- [PROBLEM DETAILS]
Print out the full material below, exact in every line, with no images included.

─── RAW DATA

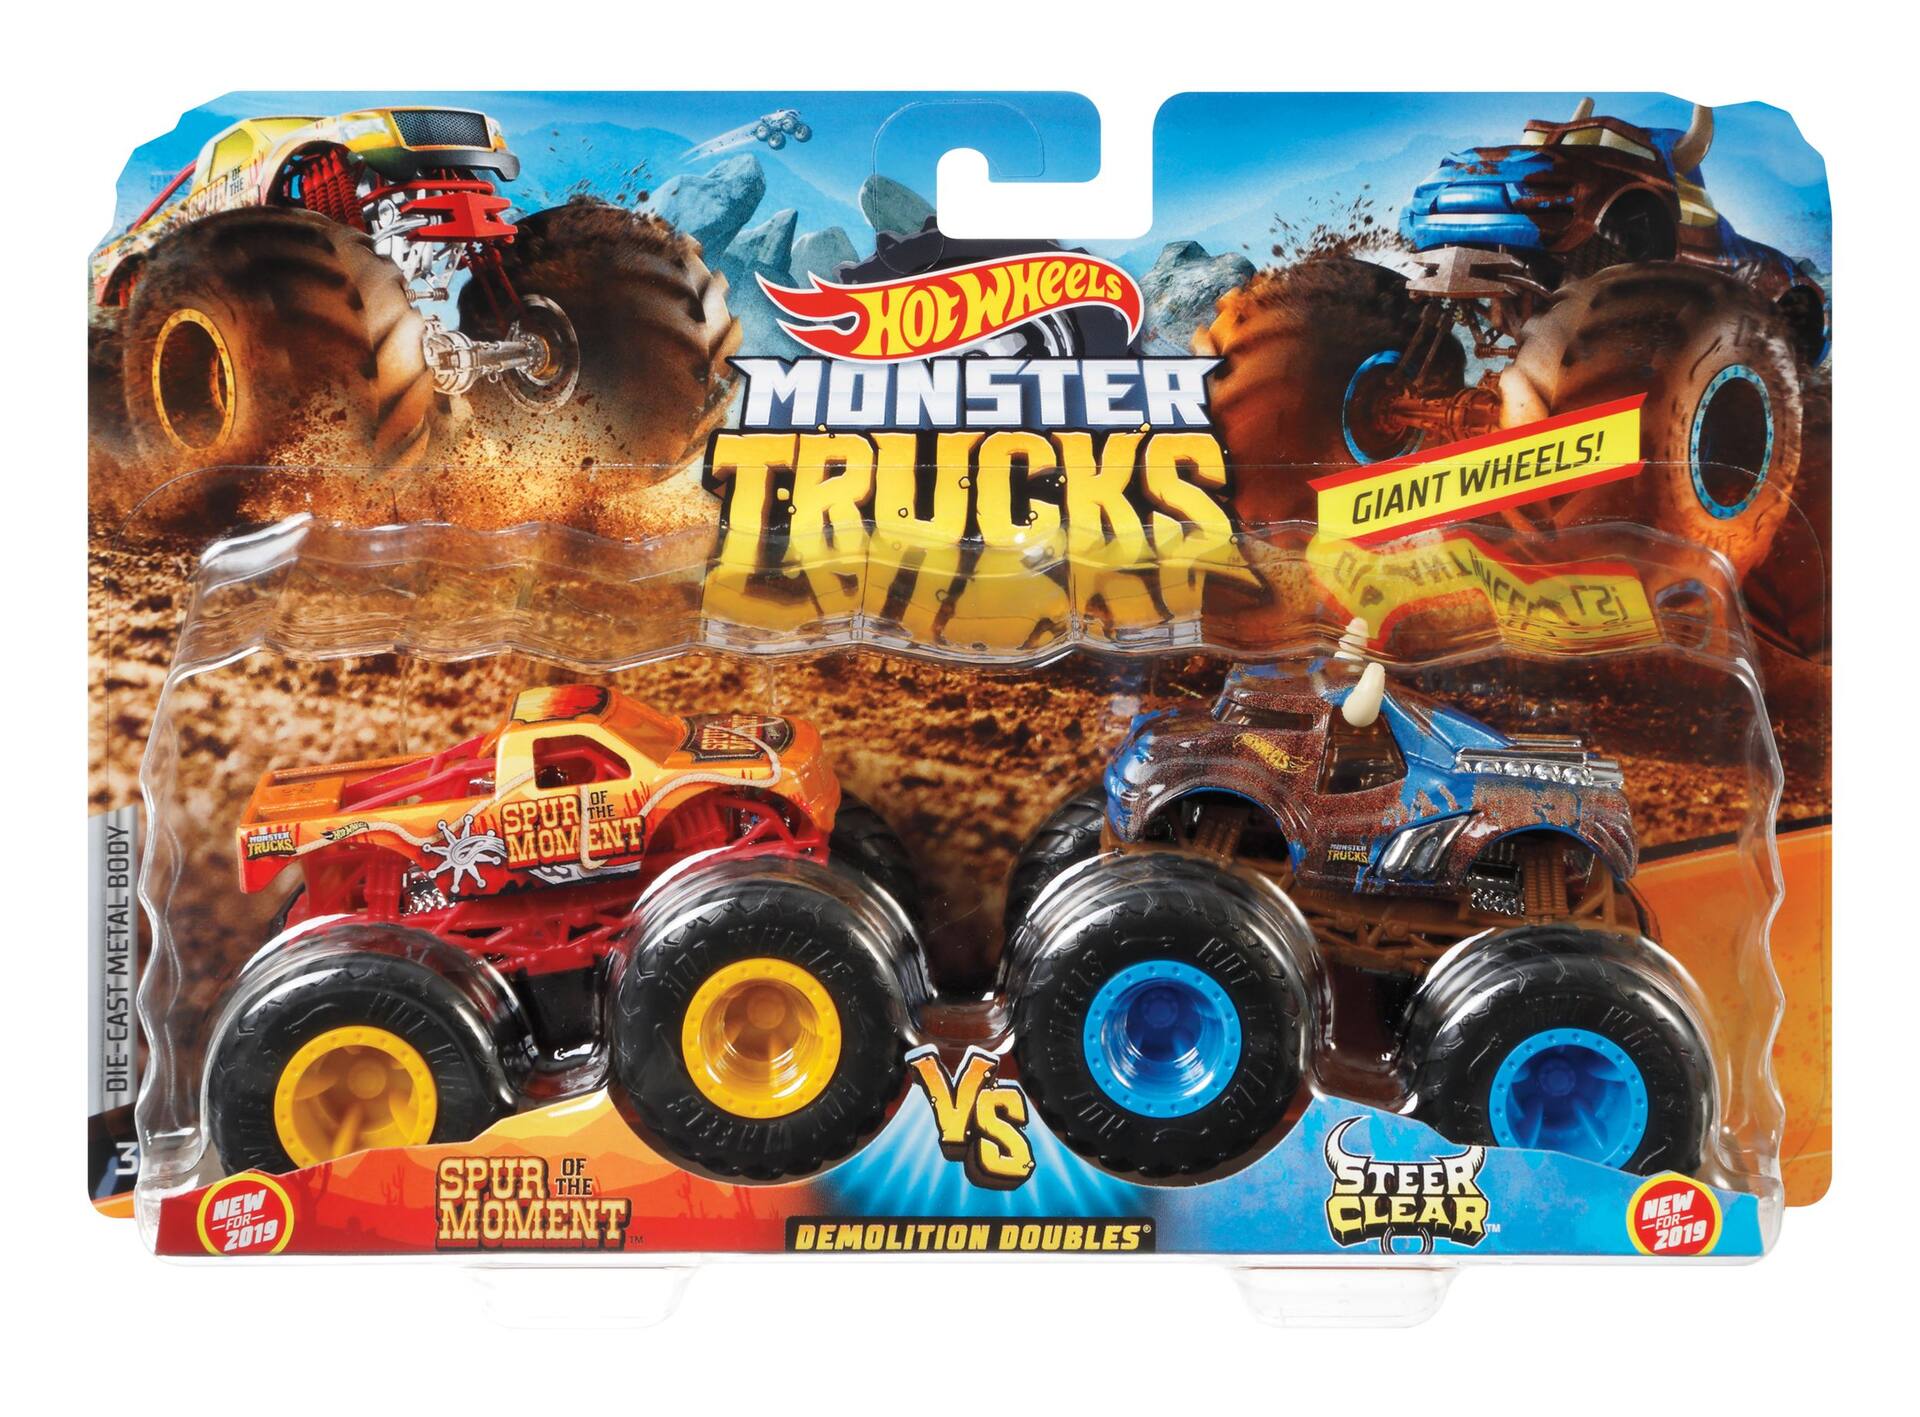 Hot Wheels Monster Trucks Demolition Doubles - Spur Of Moment vs
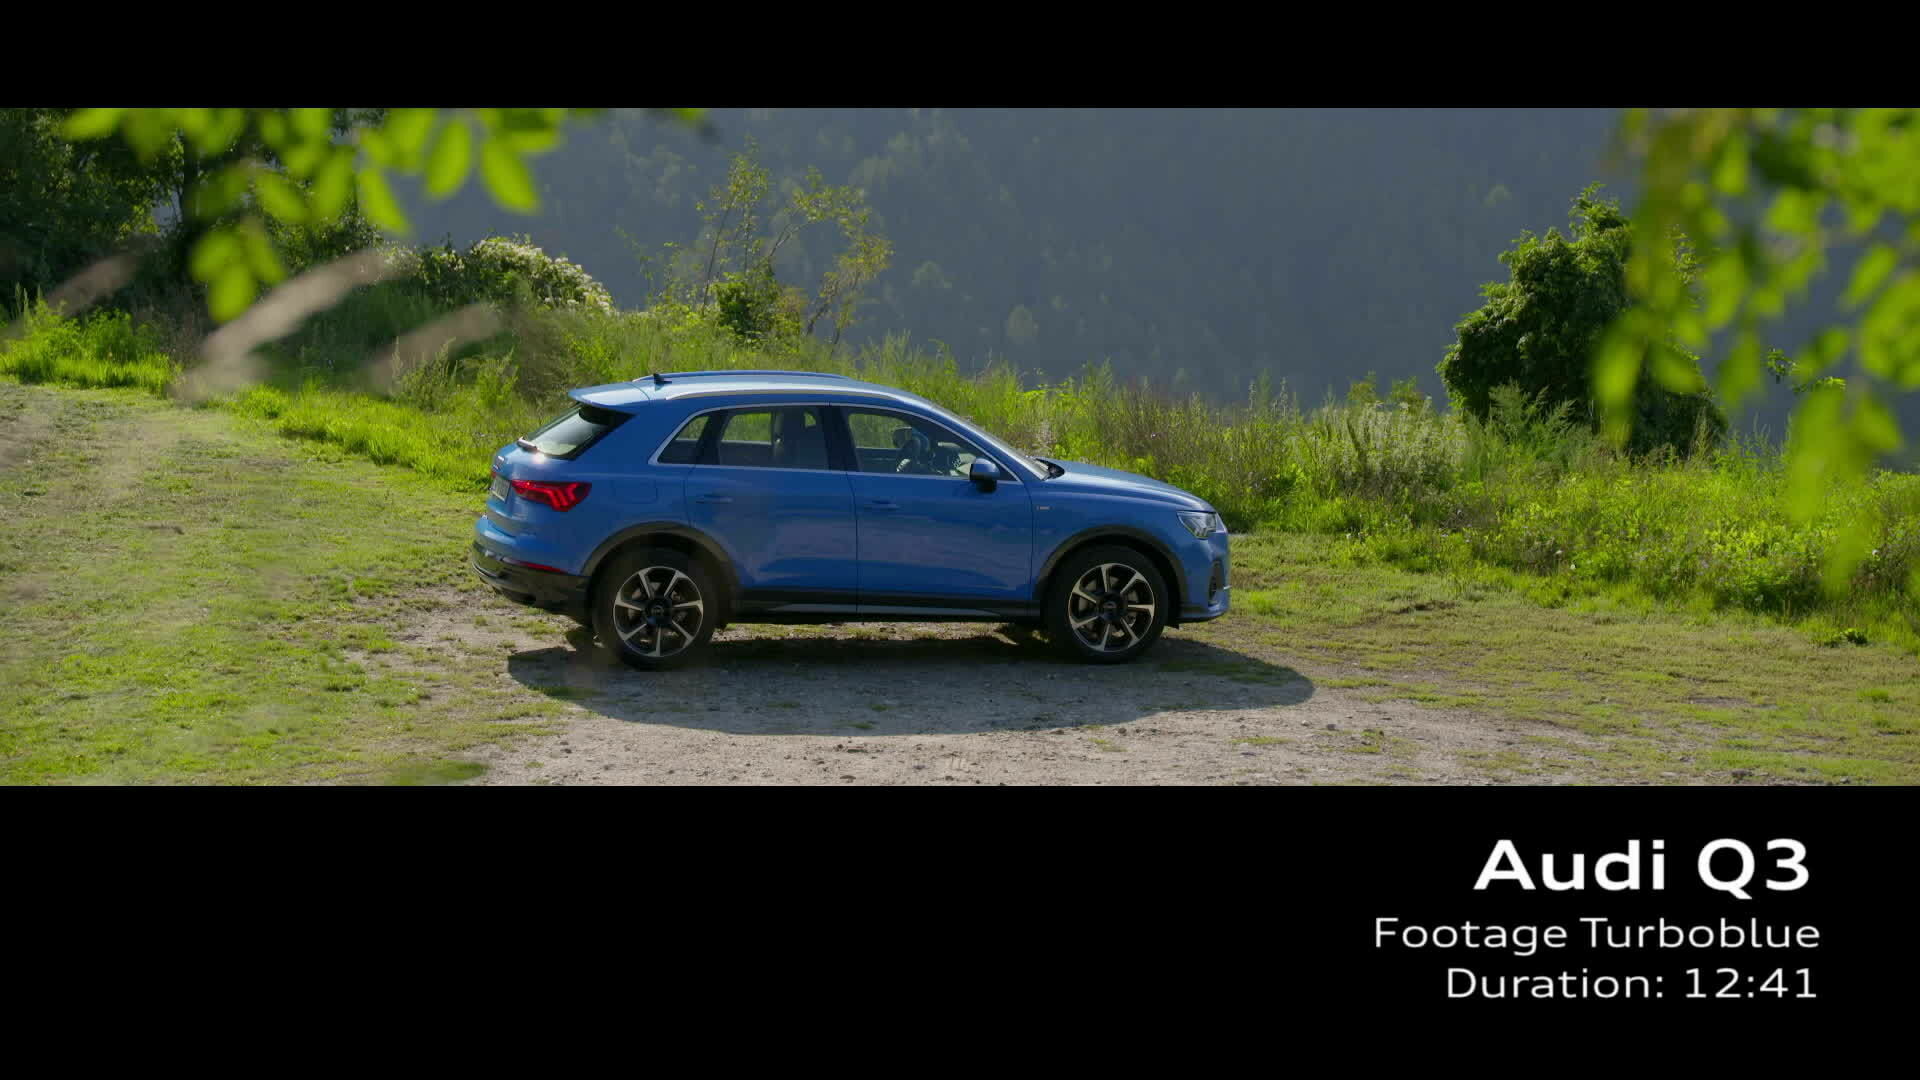 Audi Q3 Footage Turbo blue (2018)
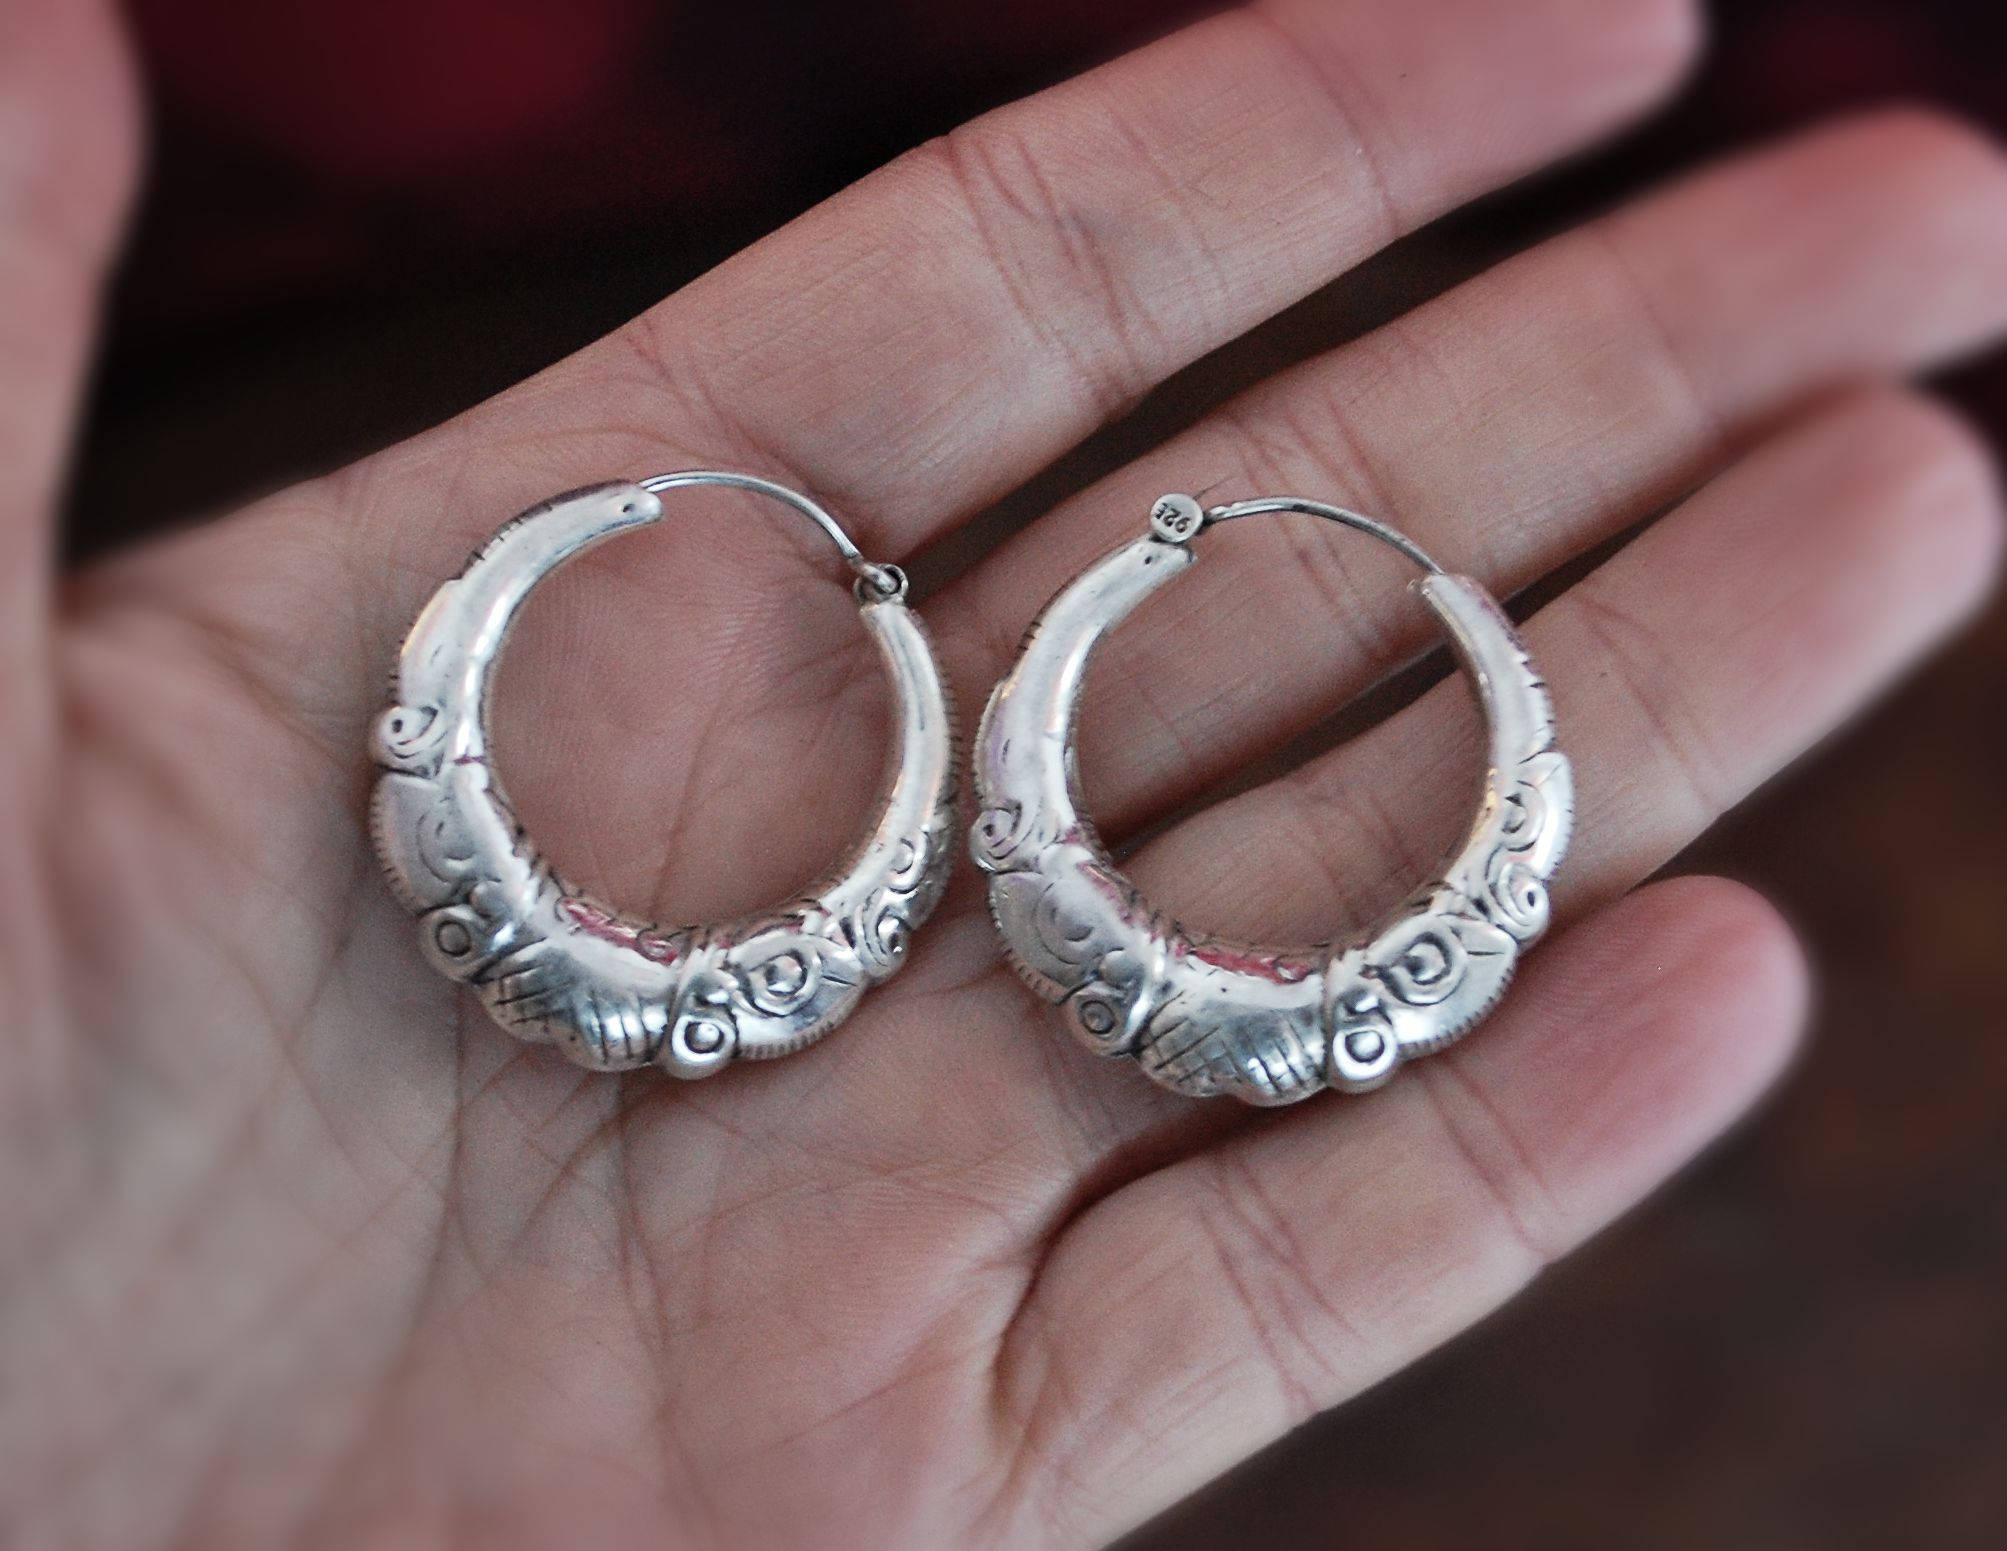 Rajasthani Silver Hoop Earrings - Sterling Silver Hoop Earrings from India - Ethnic Sterling Silver Hoop Earrings - Rajasthan Silver

──────

- [WRITTEN ANSWER]
 Hot Wheels Monster Trucks Demolition Doubles - Spur Of Moment vs
 Audi Q3 Footage Turbo blue (2018)
 Rajasthani Silver Hoop Earrings - Sterling Silver Hoop Earrings from India - Ethnic Sterling Silver Hoop Earrings - Rajasthan Silver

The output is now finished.